The 3 second timeout, is mentioned here, under the section ForwardingTimeout.

Why should a DNS server in Azure be different?

In most non-Azure DNS setups, you’d probably have more than one forwarder, and you’d likely have root hints enabled as a backup. We do not, and it’s for the reasons below.

  1. Azure only has one DNS server IP to send requests to.
  2. It’s not scalable long term to add conditional forwarders for Azure private DNS zones. You’d probably be ok managing a few, but it’s not something you’d want across the board.
  3. We can use conditional forwarder with multiple servers for specific domains, like active directory domain integrated ones. As an aside, if your DNS server happens to be an domain controller, it’s likely your DNS server is also authoritative for your domain.
  4. We don’t want root hints, or secondary resolvers like Google DNS. The primary reason is in cases of split horizon / private DNS zones. Private zones for this example, would be things like Azure Private Endpoint name resolution or DNS zones that only exist internally. If the Azure DNS server times out and you failover to a non-Azure server, one of a few things will happen.
    1. You’ll resolve the public facing IP instead of your desired private IP.
    2. You will get an NXDOMAIN because that DNS record / zone does not exist publicly.

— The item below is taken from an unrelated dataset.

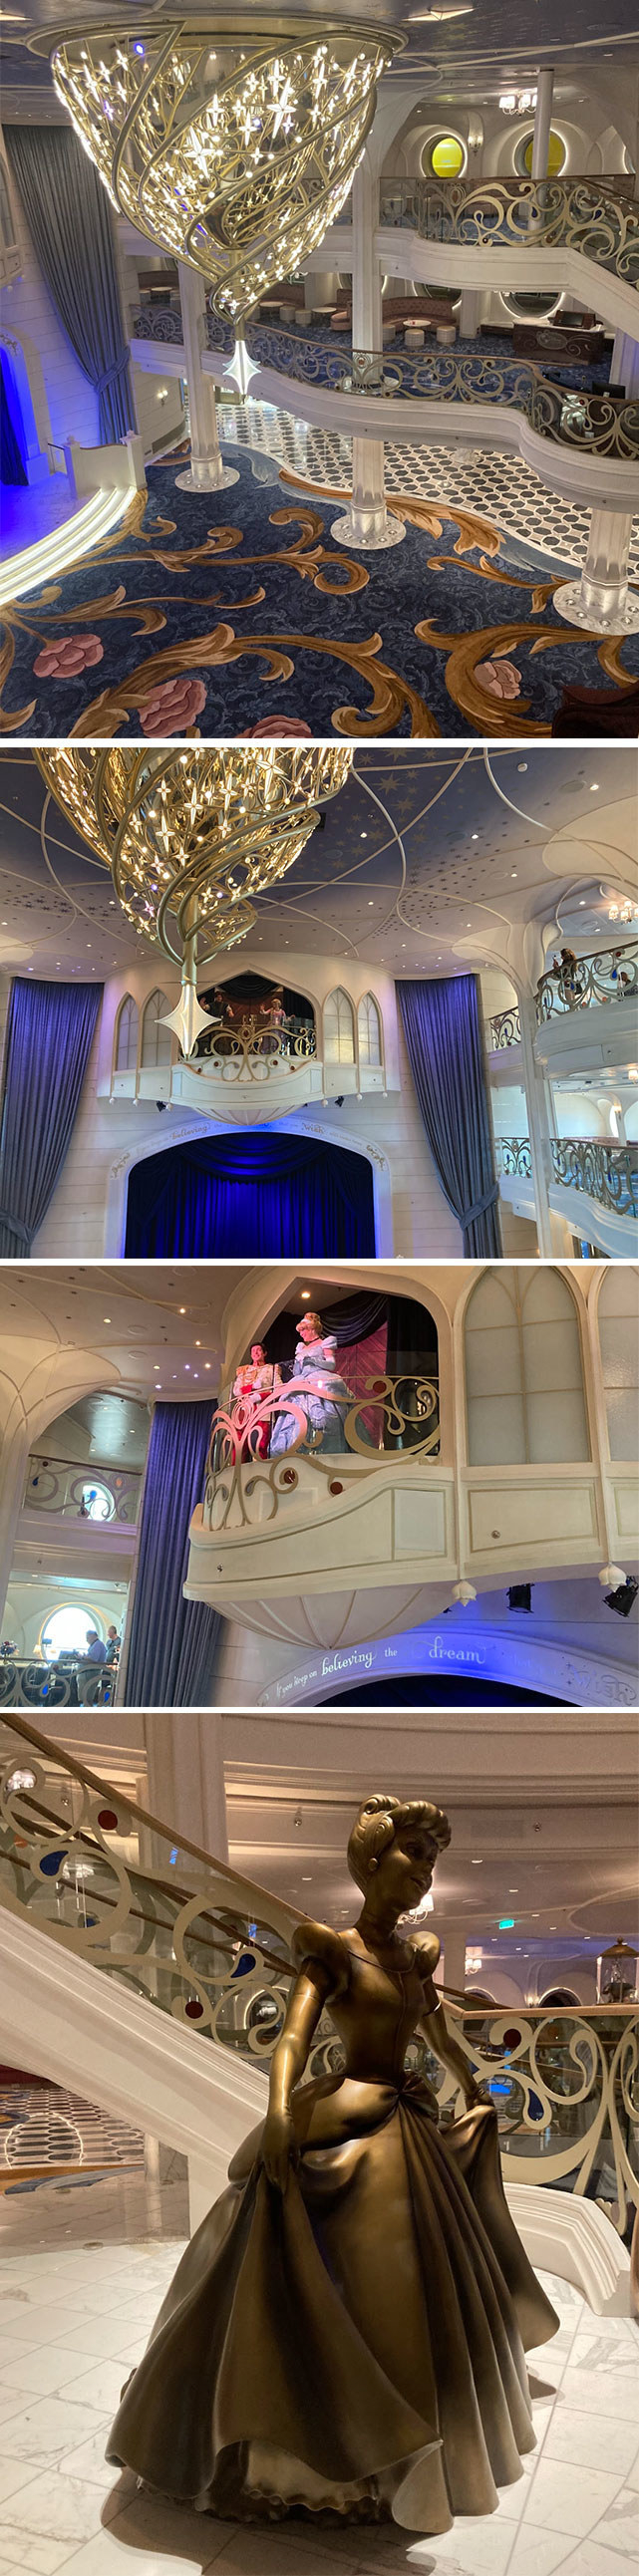 cinderella statue and the chandelier hanging above

If you’re running in Azure and do NOT need to resolve Azure private DNS zones, then you can probably get away with this standard configuration.

Recommendation / Solution

This is what I’m going to do, and I’ll report back if I start running into other unexpected issues.

Below is a list of what we had in-place before, and this is not changing.

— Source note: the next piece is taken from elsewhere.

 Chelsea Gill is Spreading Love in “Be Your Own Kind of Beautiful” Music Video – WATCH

  1. Set the DNS forwarder to 168.63.129.16 only.
  2. Leverage conditional forwarders for any other domain specific use case like AD.
  3. Disable root hints.

As for what I changed that made the difference? I changed the default dns forwarder timeout of 3 seconds to 6. This is a more than reasonable timeout in a single forwarder design in my opinion. The spirit of the default timeouts were likely based around an assumption that you would have at least two forwarders, and also failover to root hints.

Alternative ideas?

I suppose you could still increase the default forwarder timeout to something greater than 3 seconds, and then add a backup forwarder for internet resolution. However, I feel that if internal Azure DNS resolution is important to your infrastructure, this could cause more harm than it would solve. Yes, you would be able to resolve public addresses, but that also might be a problem to.

Closing

Most DNS servers respond in less than 4 seconds, which is why this was such a tough issue for us to troubleshoot. Even in this case, the issues was very sporadic and at most twice a day. Ultimately, if a DNS resolution is taking longer than 3 seconds to respond, that’s an issue. However, taking longer than 3 seconds, and not responding at all are two completely different. This change gives the external DNS resolution a bit more time to complete.

Hopefully this helps you if you’re running into similar issues, or just wanted to know how to troubleshoot Windows DNS.